Input Expected Actual
Real BeatAML sample ok ✓ ok (Mahalanobis 6.3)
Lognormal synthetic counts pipeline_mismatch (QN saves) ✓ pipeline_mismatch (raw 36 → QN 4.5)
All zeros far_ood (variance) ✓ far_ood
Constant non-zero far_ood (variance) ✓ far_ood
Scaled real sample (×100 + 50) pipeline_mismatch ✓ pipeline_mismatch
Markers forced to zero ood (marker biology) ✓ ood
500 of 5000 genes (10% coverage) far_ood (variance from filling zeros) ✓ far_ood
Real sample with QN off ok (same as with QN) ✓ ok

6. What to do if your pipeline produces a pipeline_mismatch

This is common and expected if your lab’s pipeline differs from BeatAML’s in any way. The quantile normalization step inside project_and_qc() will align distributions, and predictions should be usable. But:

  1. Run 3-5 known AML samples through your pipeline and through BeatAML’s pipeline side-by-side. If the kit’s predictions for these samples agree with published AML targeted-therapy response (e.g., FLT3-ITD patient → predicted responder to Gilteritinib), trust your pipeline.
  2. If predictions systematically disagree, either (a) switch to the exact BeatAML pipeline or (b) fit a re-calibration transform (Layer 4 of the OOD-handling plan; see docs/kit_readiness.md).

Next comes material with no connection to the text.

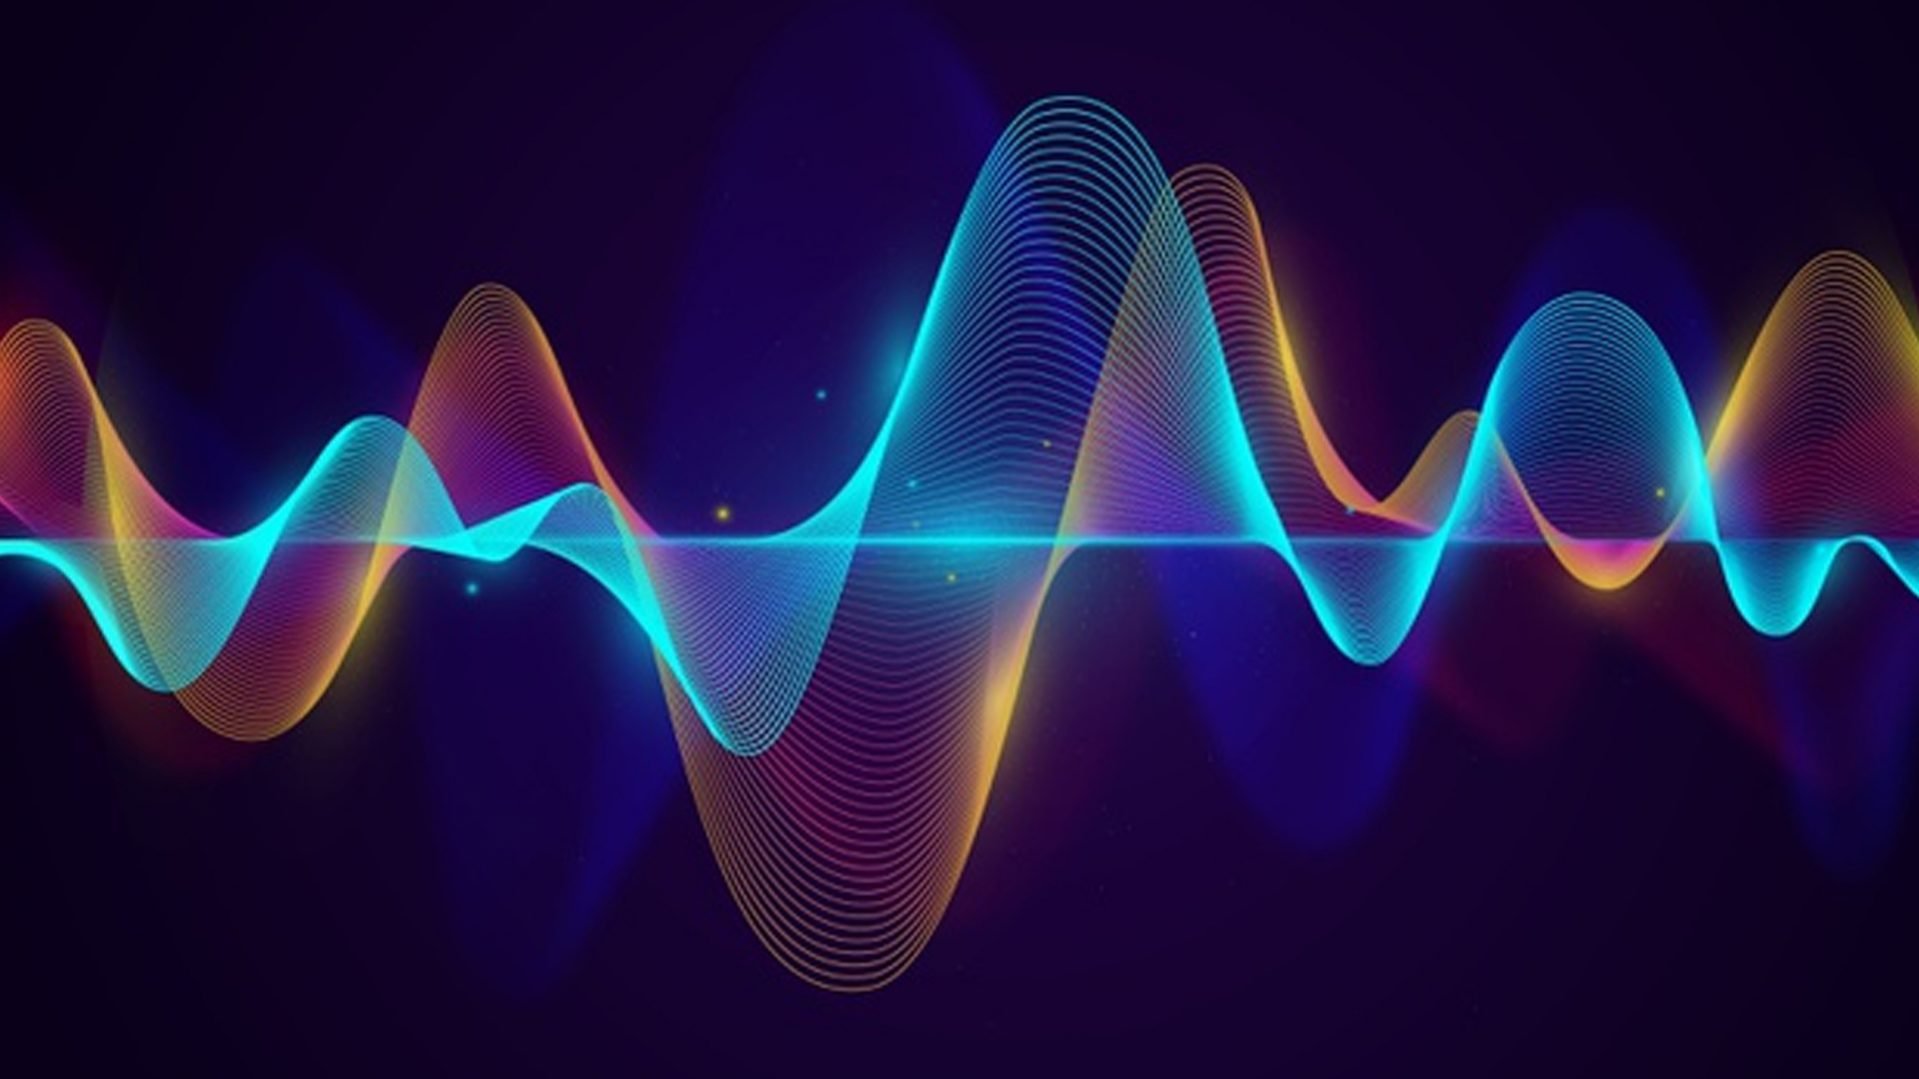 Физика. Звук и звуковые волны

7. What to do if you get ood or far_ood

  1. Check the gene ID column. Is it HUGO symbols (FLT3, CD34) or Ensembl IDs (ENSG00000...)? The kit needs HUGO.
  2. Check the sample — is it actually AML? Peripheral blood, bone marrow, or leukemic blast fraction? Non-malignant samples will fail.
  3. Check library size — samples with < 5M mapped reads often fail QC.
  4. Check FastQC — adapter contamination, low-quality reads, or high duplicate rate cause distribution shifts.
  5. Do not use predictions from a far_ood sample.

8. Persistence and versioning

The preprocessor bundle (beataml_rna_preprocessor.joblib) is part of the model artifact set and is version-locked with the trained Baseline A MLP. Its schema_version field (currently beataml_rna_pca_v3_qc_markers) is bumped whenever the feature schema changes. The kit refuses to run if the MLP checkpoint’s feature_cols length doesn’t match the bundle’s.